Experten und Kommunen warnen vor Euphorie wegen guter Steuerdaten

Mahnung zu Festhalten an Konsolidierungskurs

Vor der neuen Steuerschätzung haben Experten und Kommunen vor Euphorie und überzogenen Erwartungen gewarnt. Die zu erwartenden Steuermehreinnahmen lösten die Finanzprobleme der Kommunen nicht, sagte der Hauptgeschäftsführer des Deutschen Städtetags, Stephan Articus, der "Neuen Osnabrücker Zeitung" vom Dienstag. Der Wirtschaftswissenschaftler Achim Truger warnte im Deutschlandradio Kultur vor neuen Steuersenkungen. Der Arbeitskreis Steuerschätzung berät noch bis Donnerstag in Fulda über die neue Prognose für die staatlichen Einnahmen bis 2015.

Die Mehrheit der Städte müsse zusätzliche Einnahmen zunächst zum Abbau von Defiziten verwenden, argumentierte Articus. In vielen Kommunen gebe es keine finanziellen Handlungsspielräume mehr. Es sei aber eine gute Nachricht, "dass der Aufschwung den Städten hilft und den Aufstieg aus dem Tal der Tränen beschleunigt". So werde bei den Gewerbesteuereinnahmen ein Plus von mehr als 2,3 Milliarden Euro im Vergleich zum Vorjahr erwartet. Dies belege, dass die Gewerbesteuer "eine gute Steuer ist".

Truger bezeichnete es als "leichtsinnig", in der aktuellen Lage über Steuersenkungen nachzudenken. "Eine verantwortungsvolle Finanzpolitik muss sich unserer Ansicht nach auch damit befassen, was passiert, wenn es mal wieder schlechter läuft mit der Wirtschaft", sagte der Experte der gewerkschaftsnahen Hans-Böckler-Stiftung, der Mitglied des Arbeitskreises Steuerschätzung ist.

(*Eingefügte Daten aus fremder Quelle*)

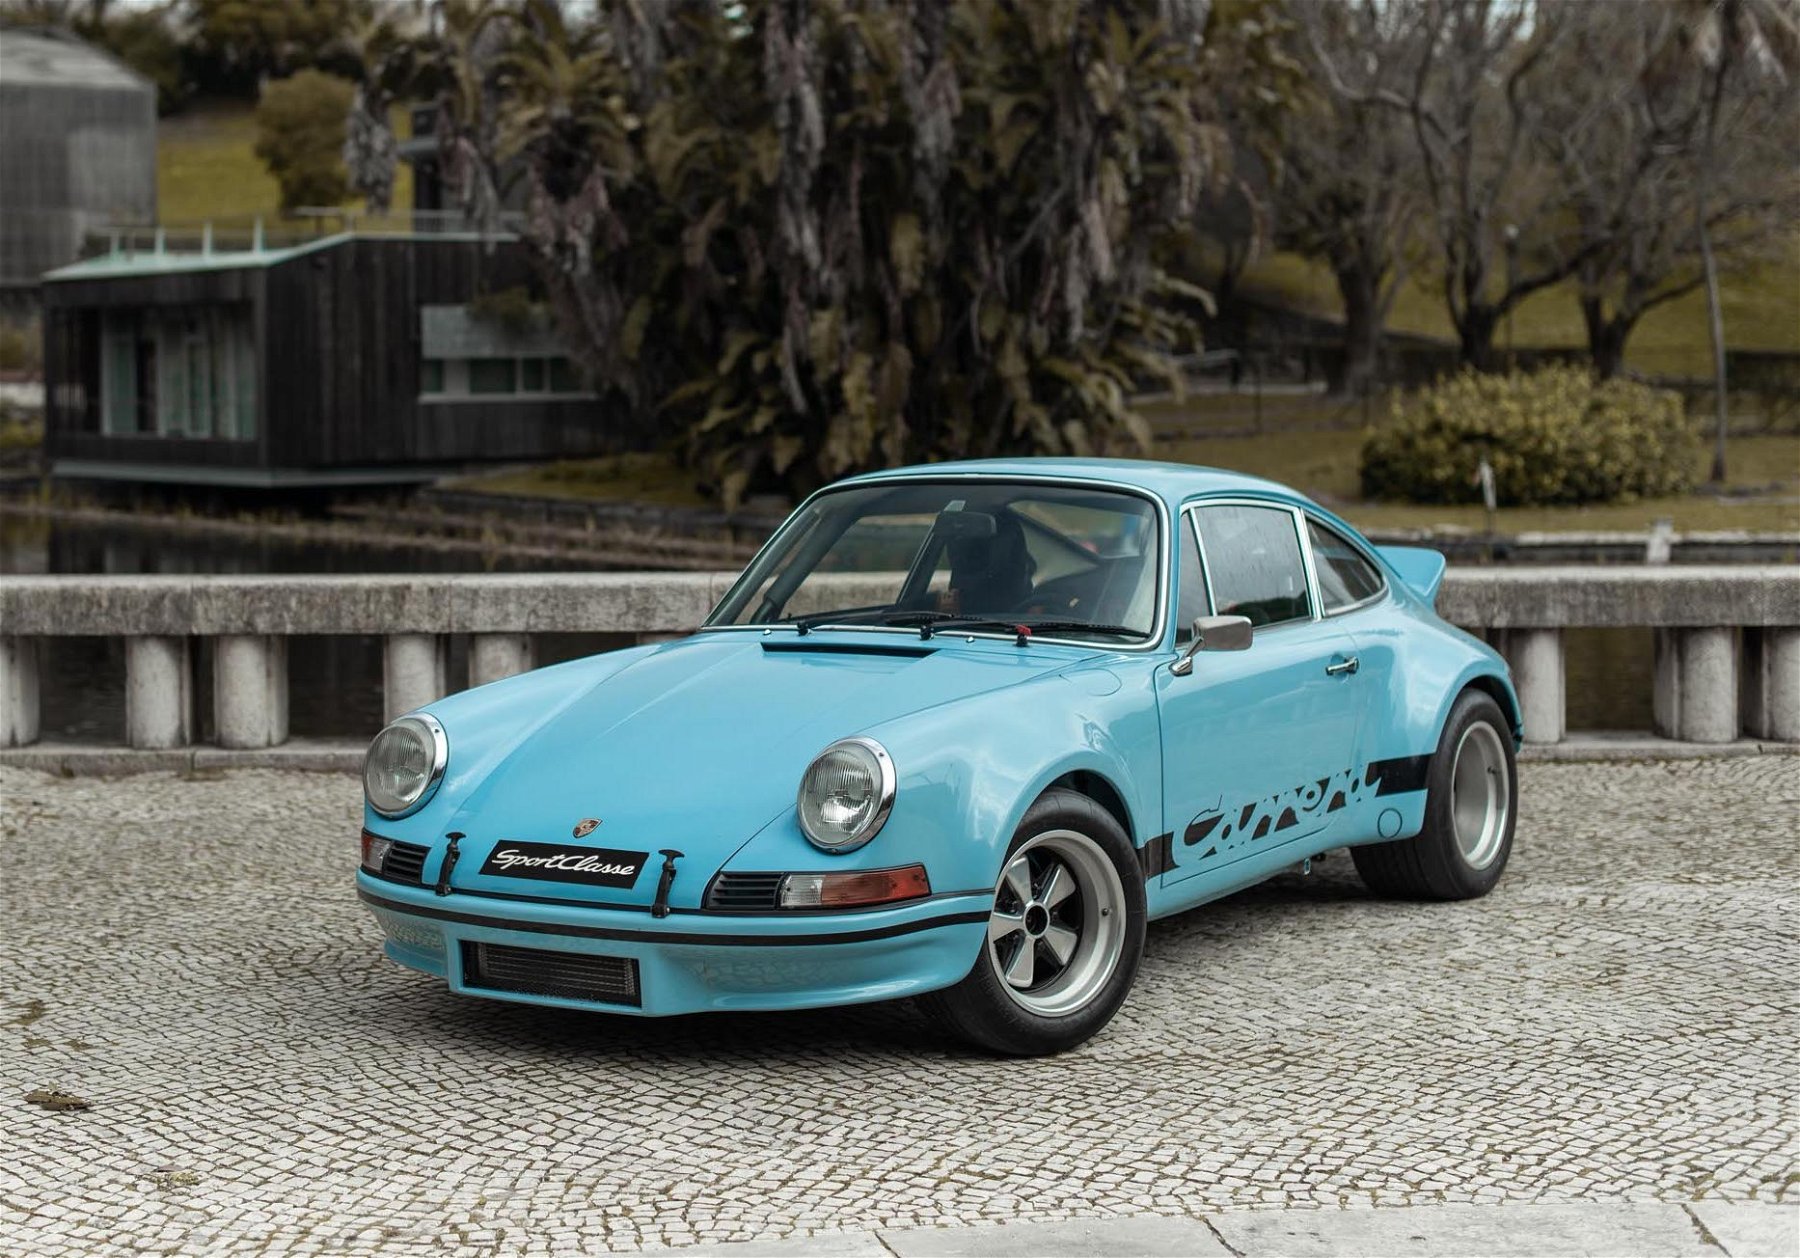 1973 Porsche 911 for sale
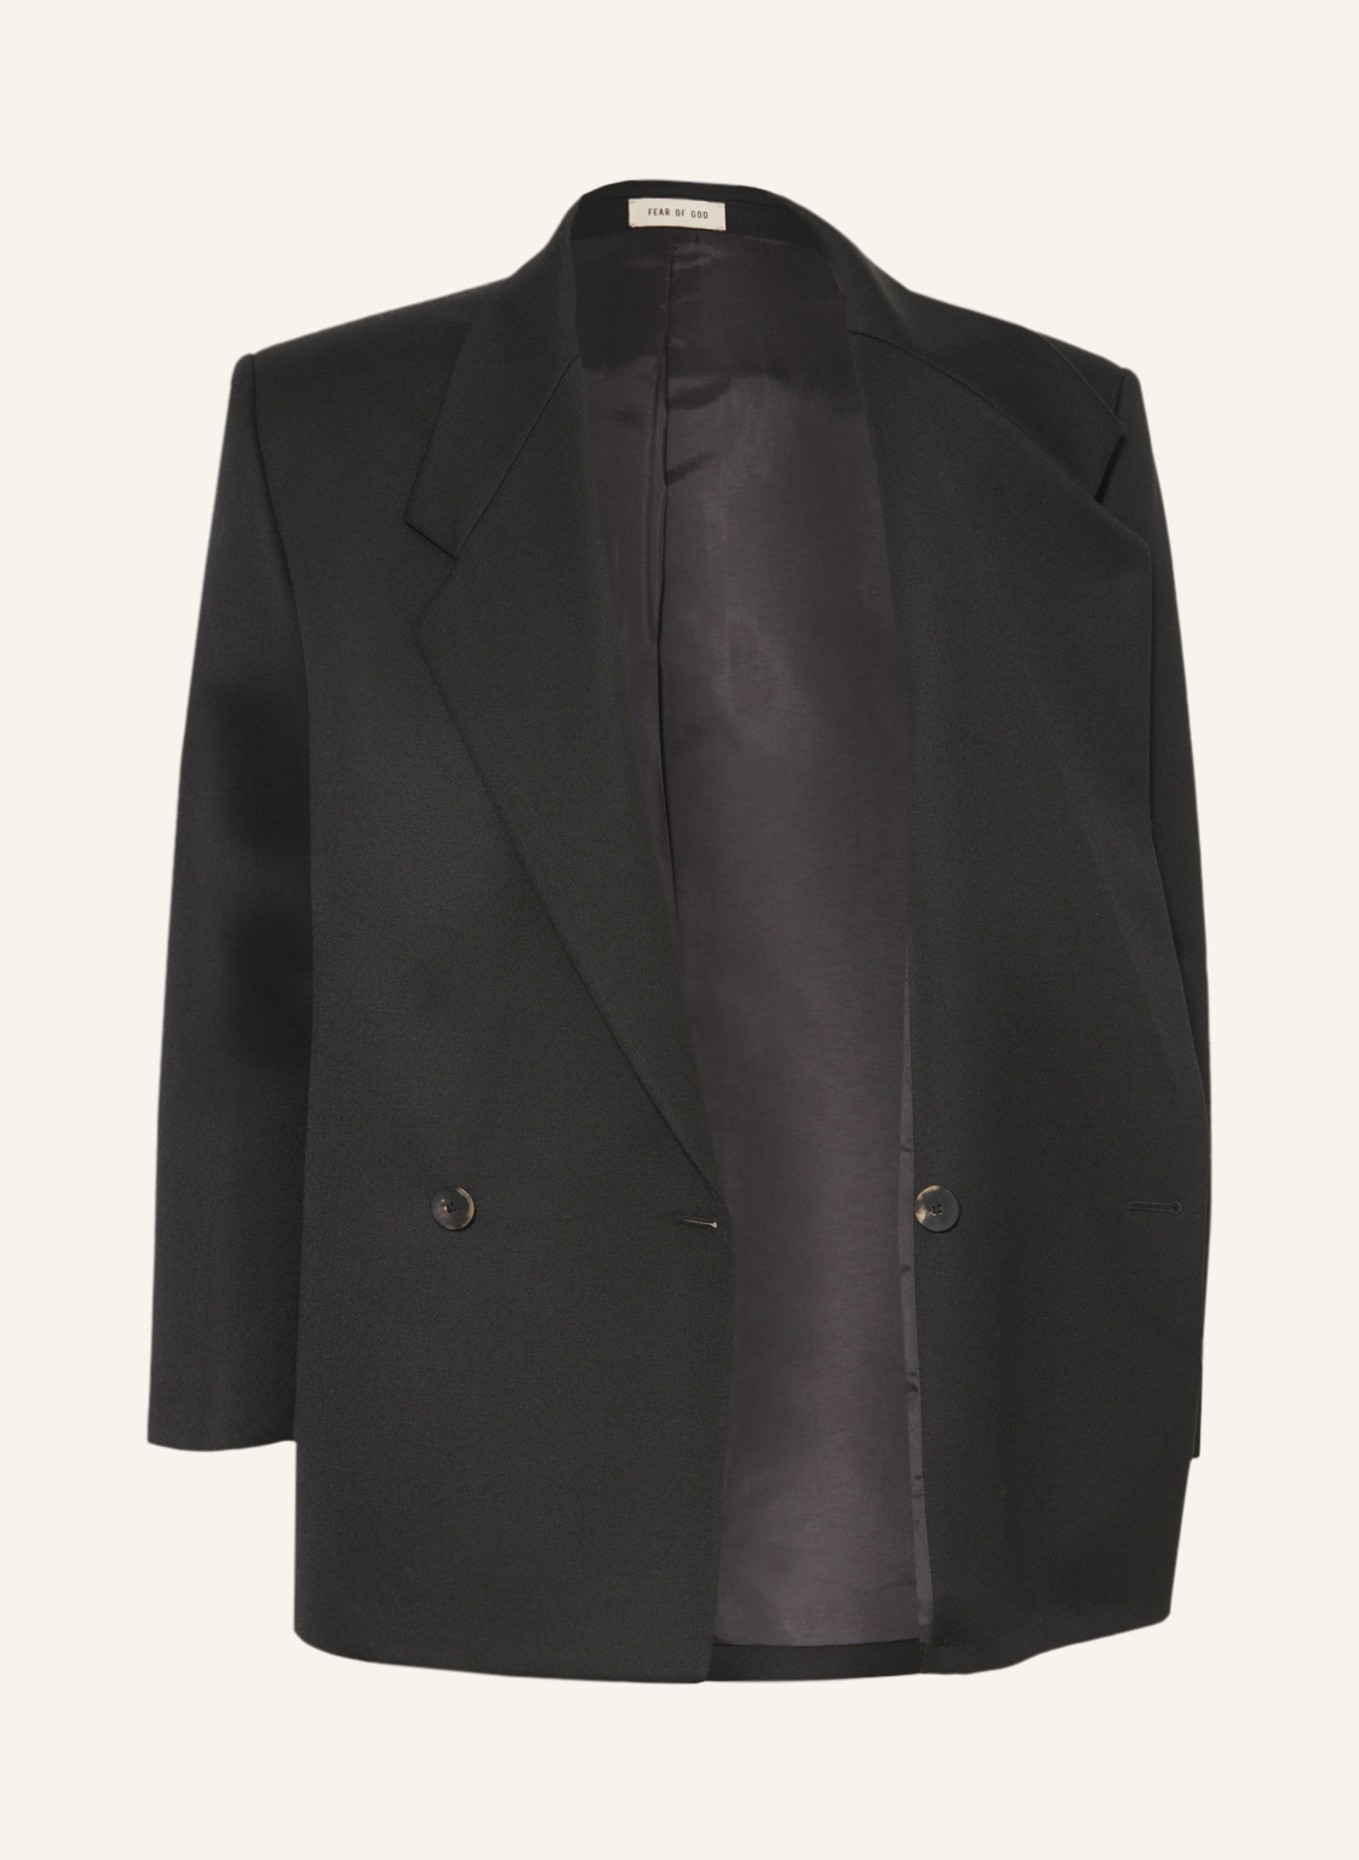 FEAR OF GOD Suit jacket regular fit, Color: BLACK (Image 4)

Truger äußerte sich skeptisch zu Prognosen, die von einem lange anhaltenden Aufschwung ausgehen.

Auch Politiker der Koalition bekräftigten den Vorrang der Haushaltskonsolidierung. Allerdings kamen aus CSU und FDP zugleich Forderungen nach steuerlichen Entlastungen besonders für den Mittelstand. Wenn es dafür wegen der höheren Einnahmen Spielräume gebe, "haben wir noch das Problem der Kalten Progression anzugehen", sagte die Vorsitzende der CSU-Landesgruppe, Gerda Hasselfeldt, dem "Hamburger Abendblatt" vom Dienstag.

Der Präsident des Bundes der Steuerzahler, Karl Heinz Däke, führte sogar einen großen Teil der Steuermehreinnahmen auf die Kalte Progression zurück. Mit jedem Prozent, das jemand zusätzlich verdiene, steige der Steuersatz um fast zwei Prozentpunkte, sagte Däke dem Hessischen Rundfunk. Er forderte daher eine Korrektur des Einkommensteuertarifs. Kritik an der Kalten Progression übte auch FDP-Generalsekretär Christian Lindner.

Die Parteichefin der Linken, Gesine Lötzsch, rief in Berlin dazu auf, ein Drittel der Steuermehreinnahmen zur Armutsbekämpfung und zur Entlastung kleiner und mittlerer Einkommen zu nutzen, ein Drittel zugunsten einer sozial-ökologischen Energiewende und das restliche Drittel zur Haushaltskonsolidierung.

Grünen-Fraktionschefin Renate Künast sagte in Berlin, die Steuermehreinnahmen sollten ausschließlich zum Schuldenabbau sowie für die Neuausrichtung der Energiepolitik eingesetzt werden. DGB-Vorstandsmitglied Claus Matecki forderte eine Lockerung von Sparmaßnahmen in der Arbeitsmarktpolitik und finanzielle Hilfen für Kommunen.

Medienberichten zufolge rechnet das Bundesfinanzministerium bis 2014 insgesamt mit Mehreinnahmen von 136 Milliarden Euro, davon 69 Milliarden Euro für den Bund. Die Prognose des Arbeitskreises Steuerschätzung wird am Donnerstag bekanntgegeben.